Would the answer by along the lines that the subquery results in a “nothing” value. The 2nd query’s subquery will return all NULL values which would indicate that nothing can be determined to be in the subquery.
In 3 value logic (which is used with SQL), comparing with NULL always results in UNKNOWN.
Second query INNER Statement returns NULLs, causing return values to be UNKNOWN ( = NULL)
(PickedByPersionID = NULL)
The second query effectively executes as…
“`
SELECT *
FROM [WideWorldImporters].[Sales].[Orders]
WHERE PickedByPersonID NULL ;
“`
This returns null (with ANSI_NULLS on, which is the default state).

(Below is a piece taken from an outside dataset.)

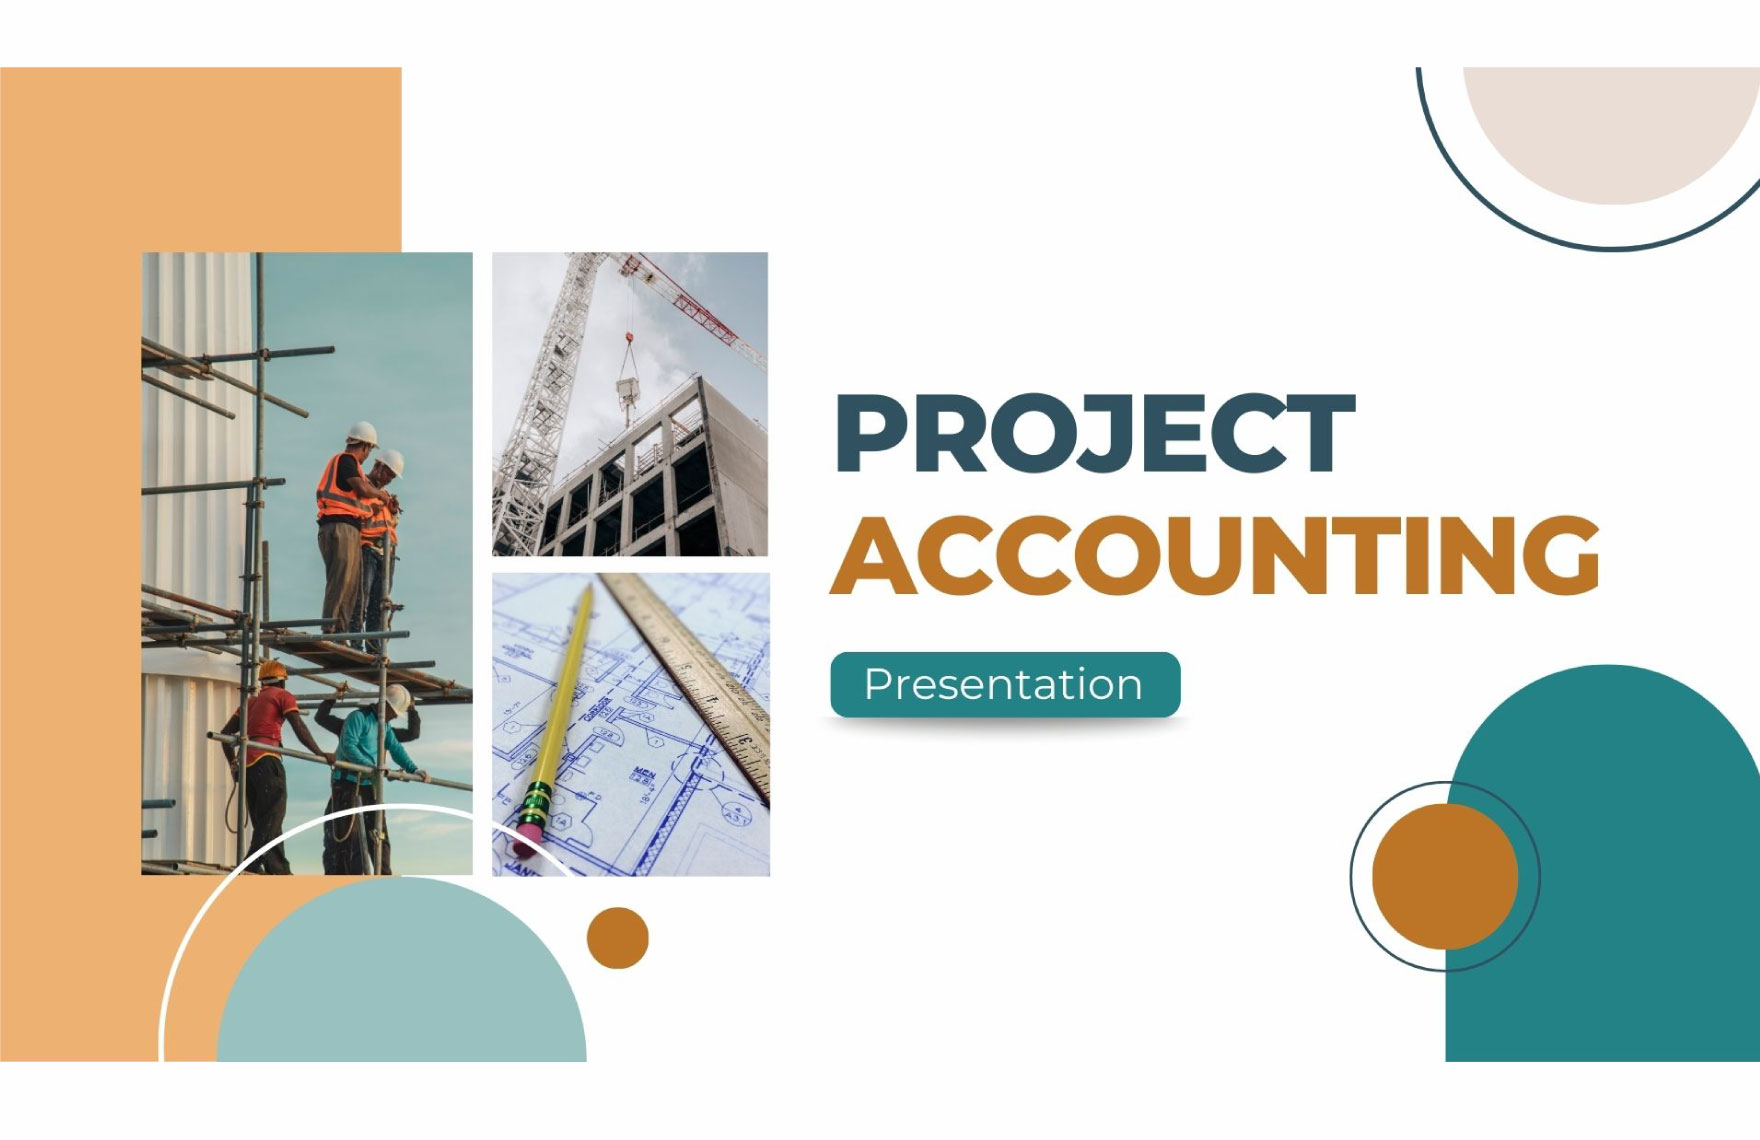 Project Accounting Template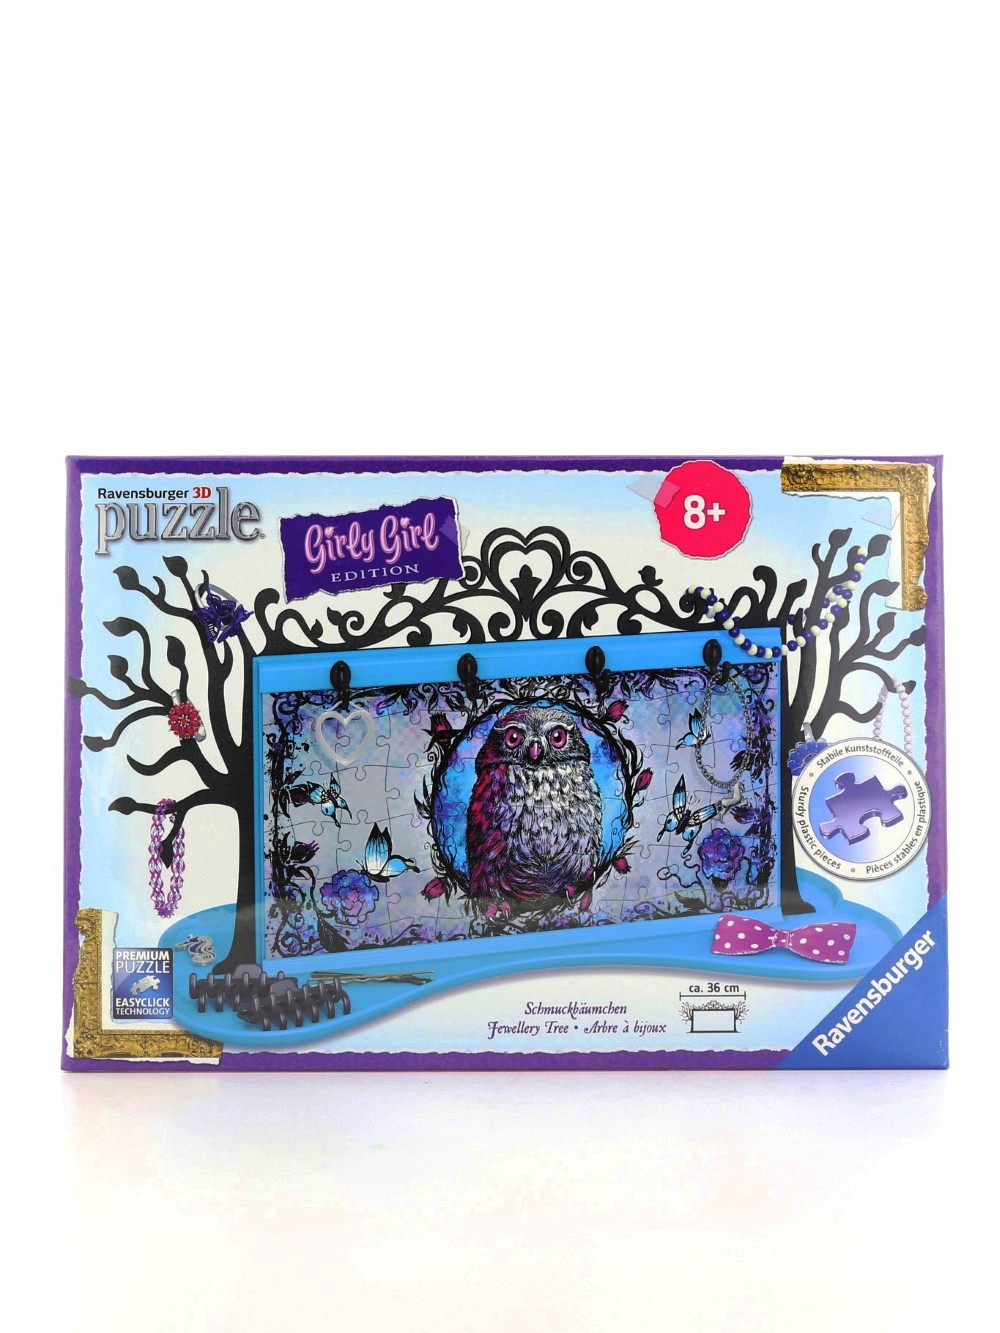 Ravensburger 3D Girly Girl Jewellery Tree Animal Trend 108 Puzzle

By setting ANSI_NULLS off, both queries return the same results.
The Result set for Query 2 is constrained by the NOT IN (SELECT PickedByPersonID
FROM [WideWorldImporters].[Sales].[Orders]
WHERE PickedByPersonID IS NULL)
Selecting PickedByPersonID WHERE PickedByPersonID IS NULL will return an Empty Set (-As NO-ONE PICKED IT!)
This structure could work IF the Nested Query Selected [Sales].[Orders].[OrderID] instead of PickedByPersonID as in:
SELECT *
FROM [WideWorldImporters].[Sales].[Orders]
WHERE [Sales].[Orders].[OrderID] NOT IN (
SELECT [Sales].[Orders].[OrderID]
FROM [WideWorldImporters].[Sales].[Orders]
WHERE PickedByPersonID IS NULL)
GO
Brian
(ProcessIT.co.nz)
This query just returns a NULL value: And NOT IN clause cannot evaluate NULLs. So that’s the reason it’s not returning any data.
SELECT PickedByPersonID
FROM [WideWorldImporters].[Sales].[Orders]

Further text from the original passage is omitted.